Friday, October 4, 2019

1st OCULAR BLOOD FLOW SUMMIT: CONGRESS REPORT

DR RONALD GERSTE



Introduction

The relationship between ocular circulation and various eye diseases has been studied intensively in recent years which were also made possible by the introduction of new examination methods. This applies to "classical" vascular diseases such as retinal vascular occlusions or diabetic retinopathy but above all to glaucoma. The vascular component of this optic neuropathy has been studied primarily in Switzerland and the pathogenetic concept of glaucoma, developed by Professor Josef Flammer (long-time director of the University Eye Hospital Basel) has led to a better understanding of this disease.

Mount Rigi
In view of Switzerland's pioneering achievements, it is only logical that the first Ocular Blood Flow Summit took place in the heart of the Central European country - whereby "Summit" was true in two respects: on the one hand, the program director Dr. Katarzyna Konieczka (Basel) had ensured that leading scientists in the field of ocular perfusion came together for this meeting. On the other hand, it took place almost at summit height: on Mount Rigi, not far from Lucerne, at 1400 meters (approx. 4600 feet) altitude. Below are a few practical highlights of the four-day congress.

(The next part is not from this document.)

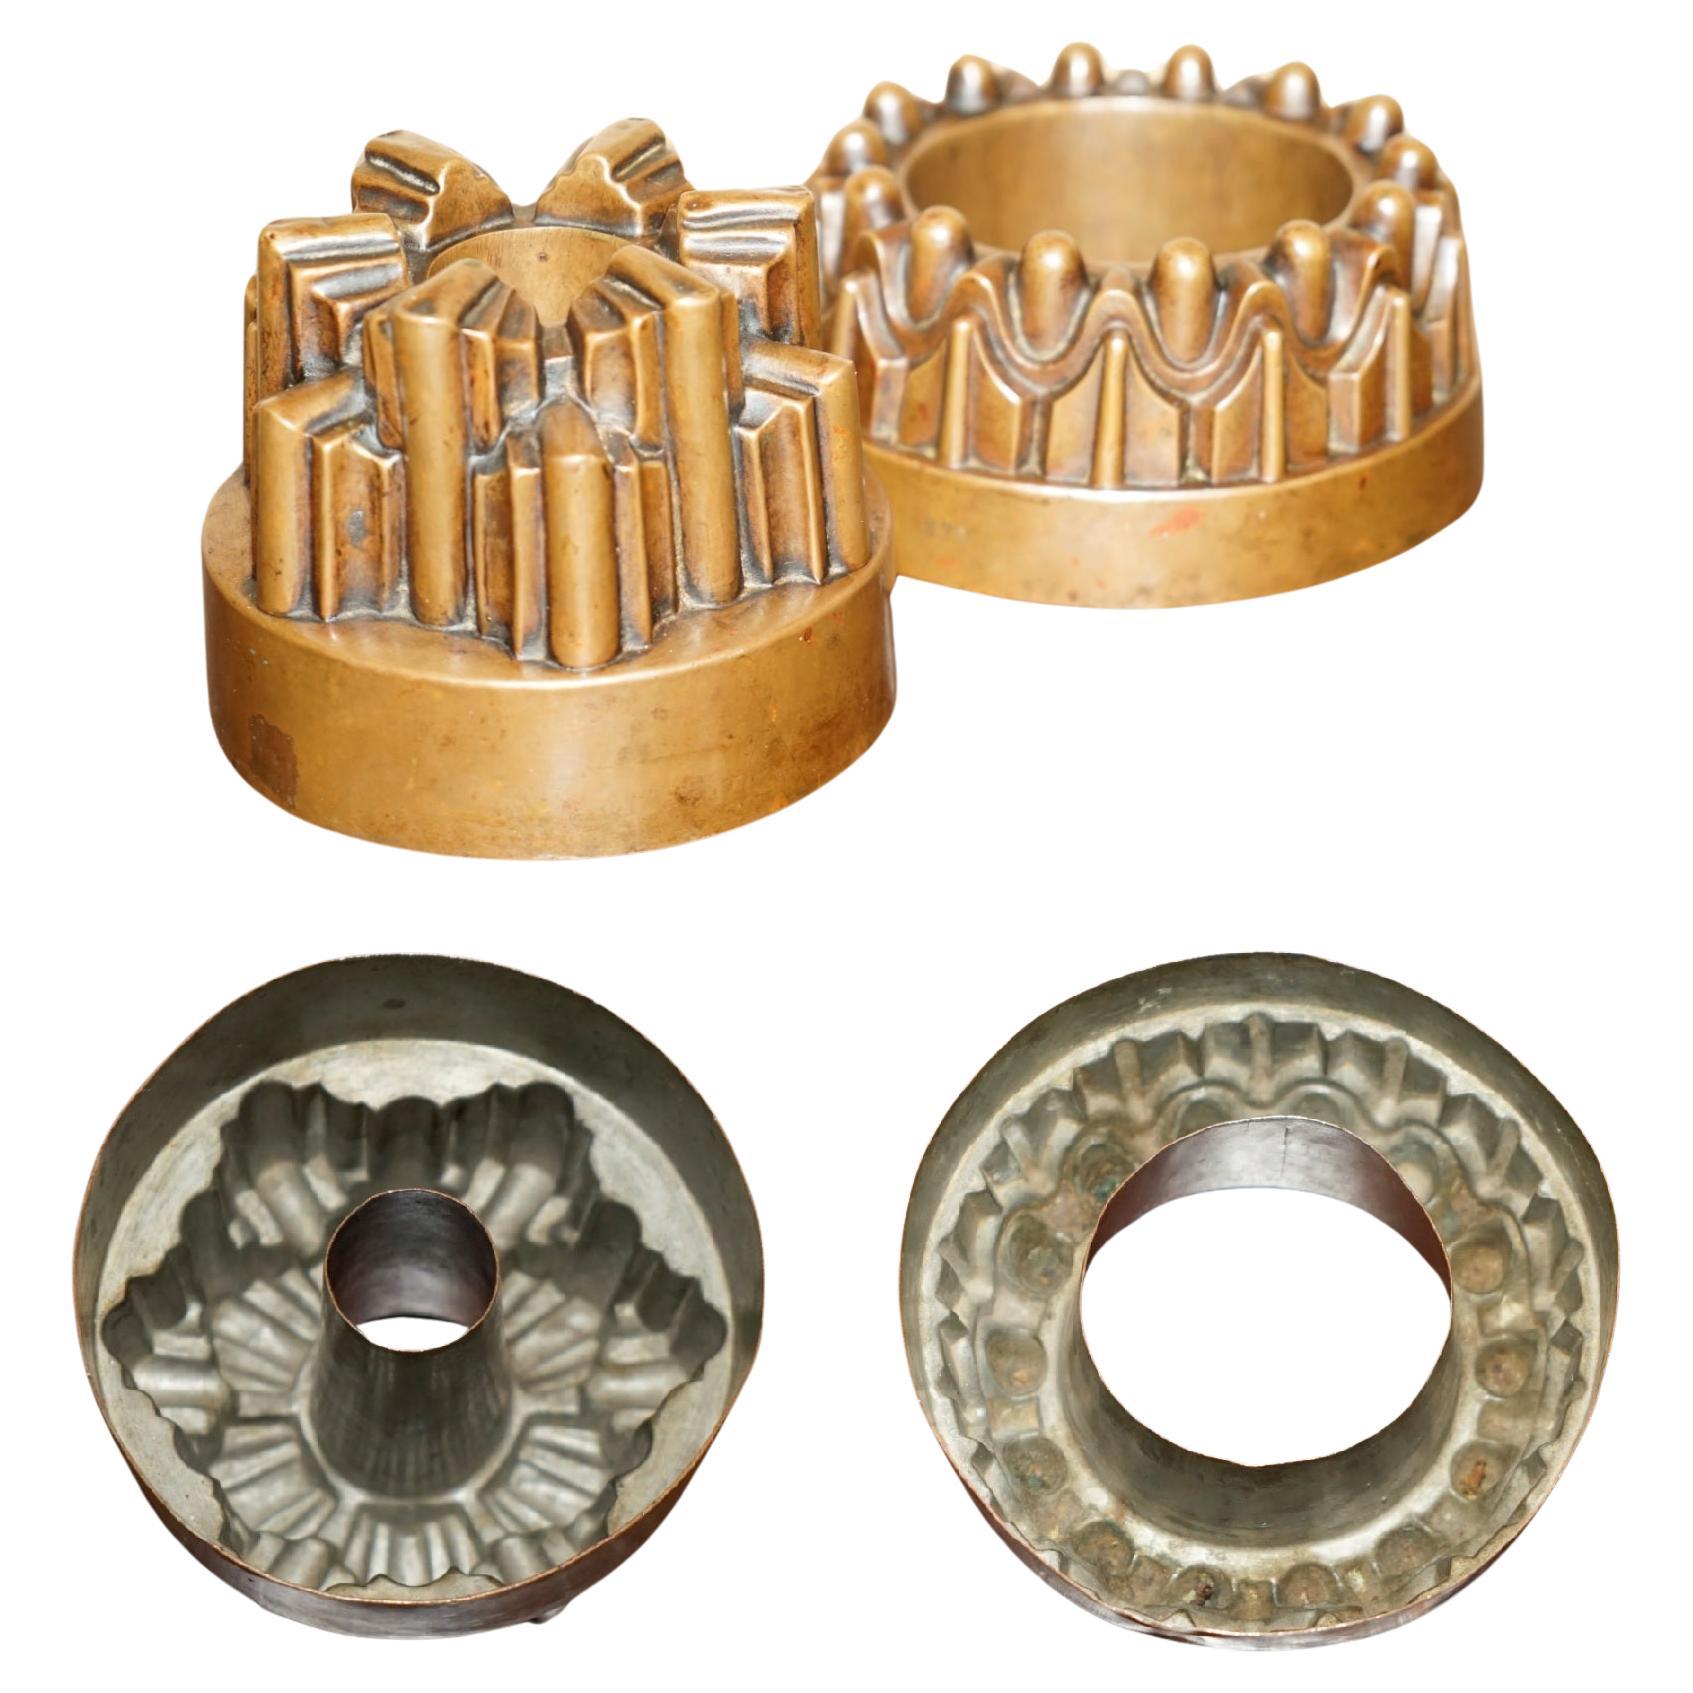 Wir freuen uns, ein Paar viktorianischer Kupfer-Geleeformen zum Verkauf anbieten zu können.

Ein sehr gut aussehendes und dekoratives Paar, das für den vorgesehenen Zweck oder zur Dekoration verwendet werden kann, was heutzutage häufiger der Fall

Glaucoma: The pathogenetic concept of optic nerve damage

Professor Josef Flammer described a part of his medical life's work, the role of blood flow in the pathogenesis of glaucoma. The disease affects the entire optical pathway, from thinning of the optic nerve to cell loss in the lateral geniculate nucleus and the visual cortex. Blood flow is reduced particularly in normal tension glaucoma (NTG) patients but also in those high-pressure glaucoma patients, which progress despite a normalized IOP. A reduction was measured not only in the retina, choroid, optic nerve head and in its vicinity, but also in retrobulbar vessels and even in the nail fold capillaries. The capillary microscopy of the nail fold led to the discovery of the relationship between peripheral vasospasm and disturbed regulation of ocular blood flow. In glaucomatous eyes, there are signs of hypoxia such as an increase of HIF1-alpha. If, however, glaucomatous optic nerve damage is a hypoxic process, why - Flammer asked - does a glaucomatous optic nerve with its characteristic excavation looks so different from a papilla in an indisputably ischemic condition such as an acute ischemic optic neuropathy (AION)?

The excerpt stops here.